Bonjour, tout d'abord, je ne suis pas sur d'être dans la bonne catégories, mais voilà.

Je m'explique ;
J'aimerais changer ma voix sur skype ( la déformer ), en voix d'homme, de femme, nimporte la quelle tant qu'elle est déformer.. Voilà, donc je chercherais un tool qui puissent faire sa ( ou autre ).

Merci de votre compréhension, @+, Flo


----------



## @ Flo (3 Novembre 2010)

Up SVP !!!!!


----------



## @ Flo (6 Novembre 2010)

Personne ne c'est, merci c'est sympa


----------



## Cafefroid (7 Novembre 2010)

Personne ne répond parce que ce que tu veux faire est, au mieux une blague, au pire une entourloupe.
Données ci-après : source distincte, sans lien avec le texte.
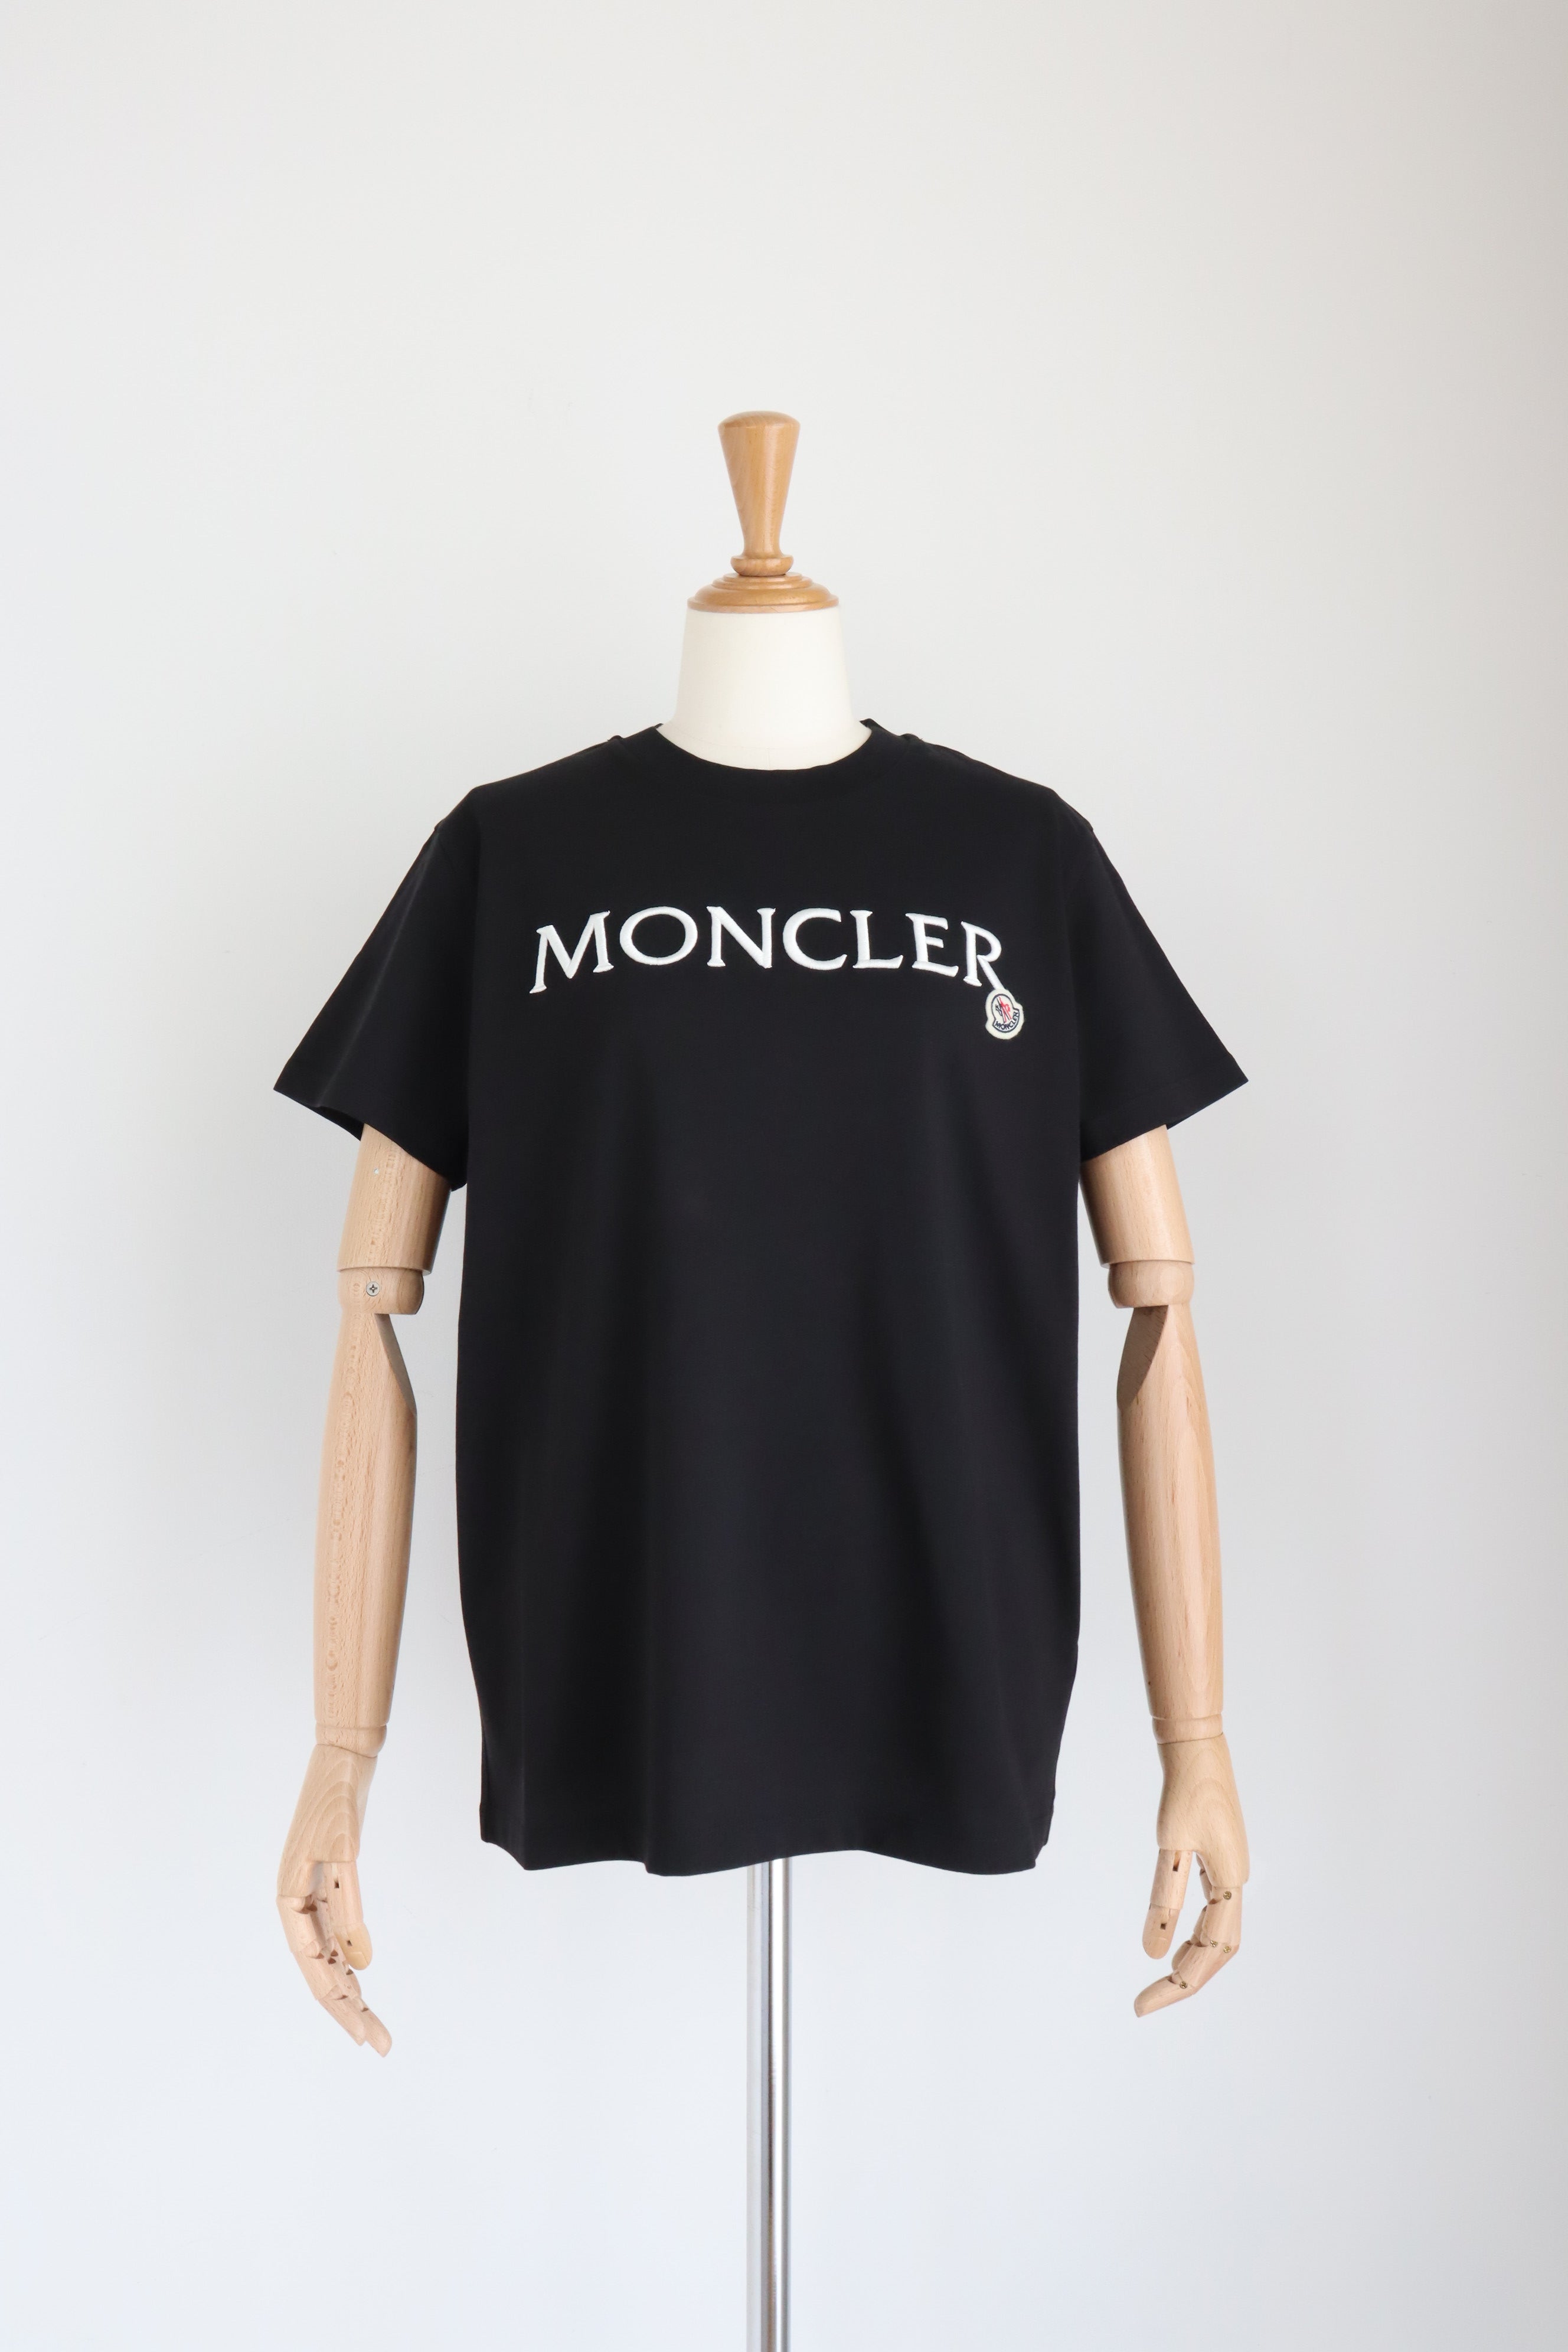 MONCLER – Girlish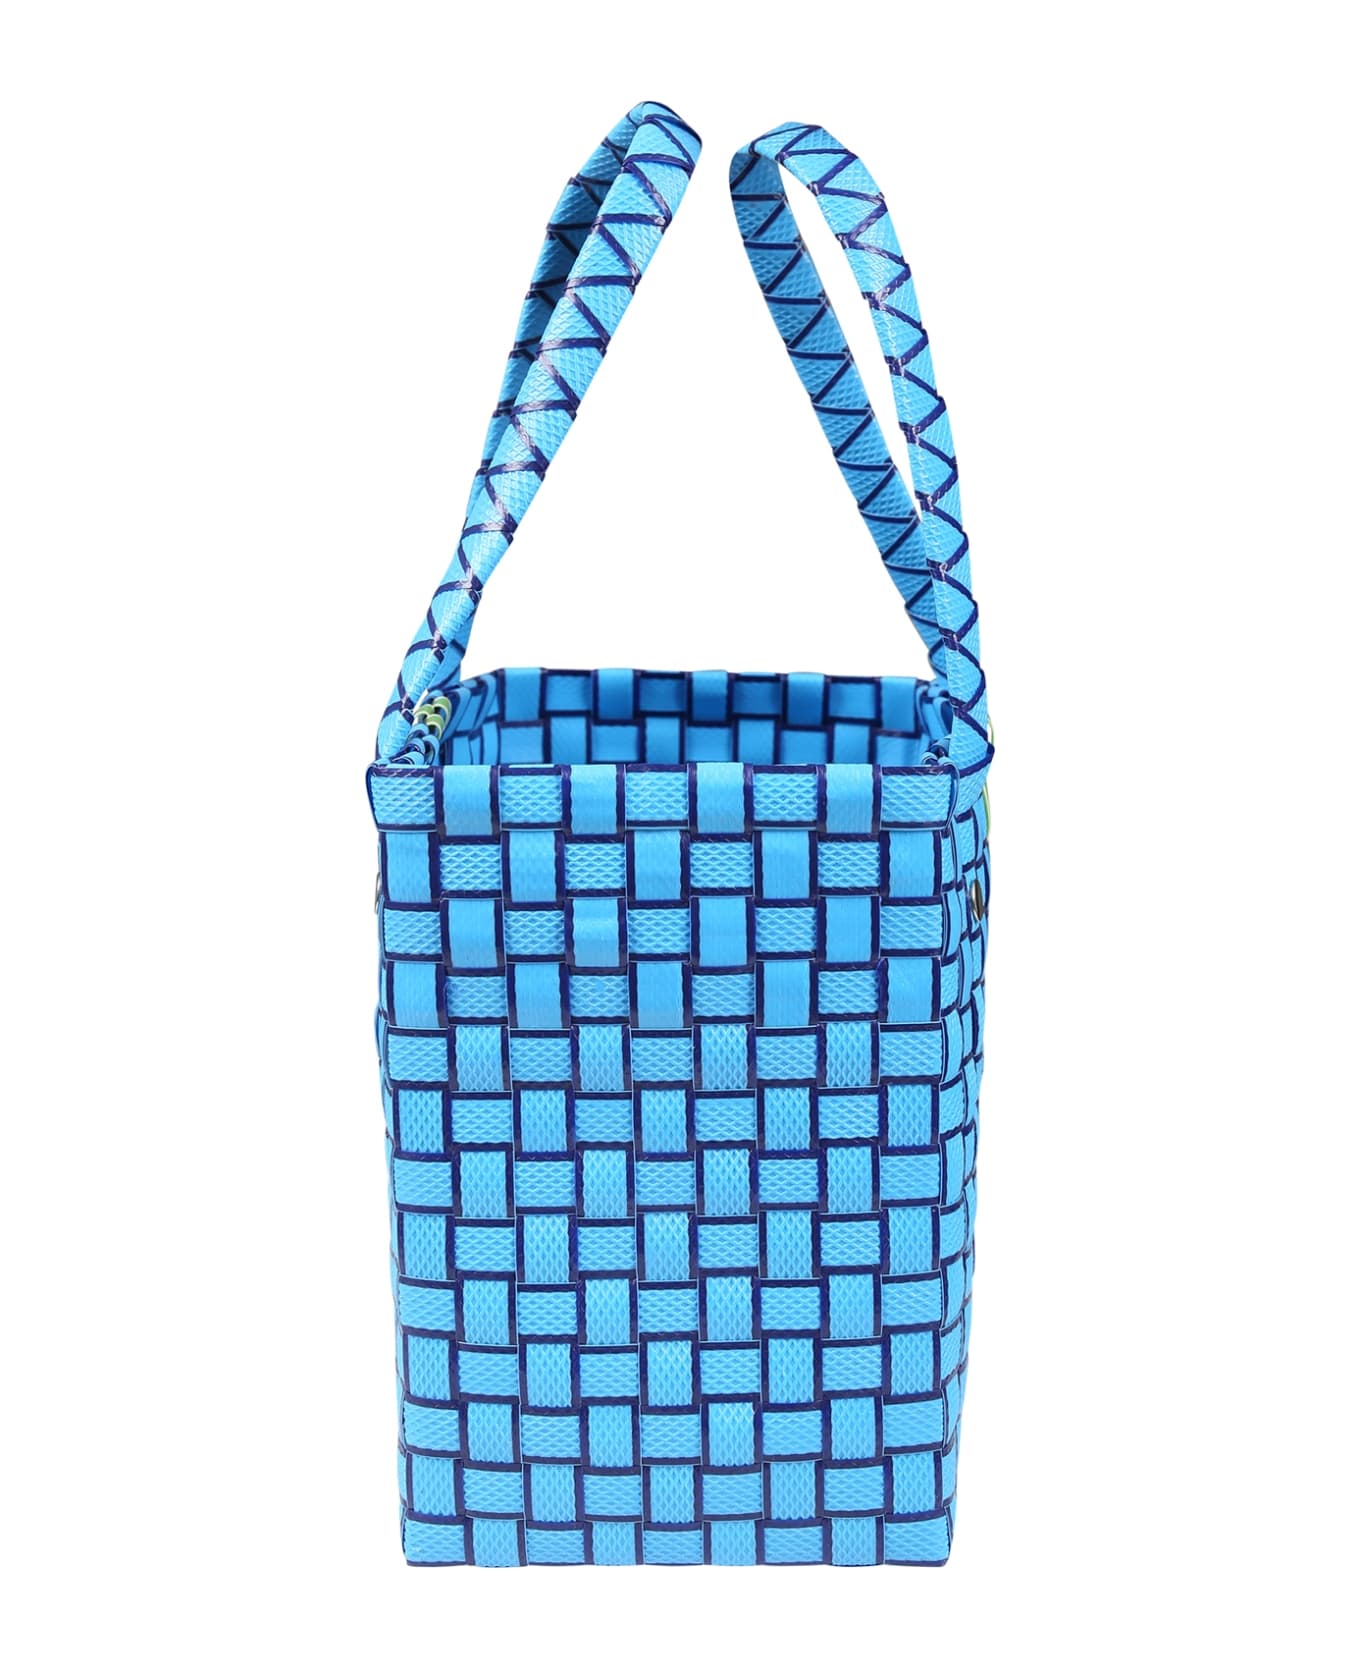 Marni Light Blue Bag For Girl With Knitted - Light Blue

Voilà, dans le doute (je suis sûr que tu veux seulement faire une blague), les gens semblent préférer ne pas répondre.


----------



## giga64 (7 Novembre 2010)

Absolument pas !!!! Il s'agit d'une question tout à fait sérieuse en rapport avec une demande de rançon.

Merci de me répondre.


----------



## edd72 (7 Novembre 2010)

Voice Candy


----------



## Teteo (8 Novembre 2010)

Il y a aussi Skype Voice Changer!


----------



## Pascal 77 (8 Novembre 2010)

Sinon, l'entrée son du Mac étant une entrée ligne, utiliser un micro externe branché via une "pédale" d'effets (ce qui nous ramènerait dans le domaine d'action du forum "Périphériques et accessoires", contrairement aux solutions "logicielles" qui n'ont pas leur place ici).


----------



## Cafefroid (8 Novembre 2010)

Teteo a dit:


> Il y a aussi Skype Voice Changer!





giga64 a dit:


> Absolument pas !!!! Il s'agit d'une question tout à fait sérieuse en rapport avec une demande de rançon.
> 
> Merci de me répondre.



Arg, les gens répondent !
Les gens m'ont décevoir beaucoup, beaucoup


----------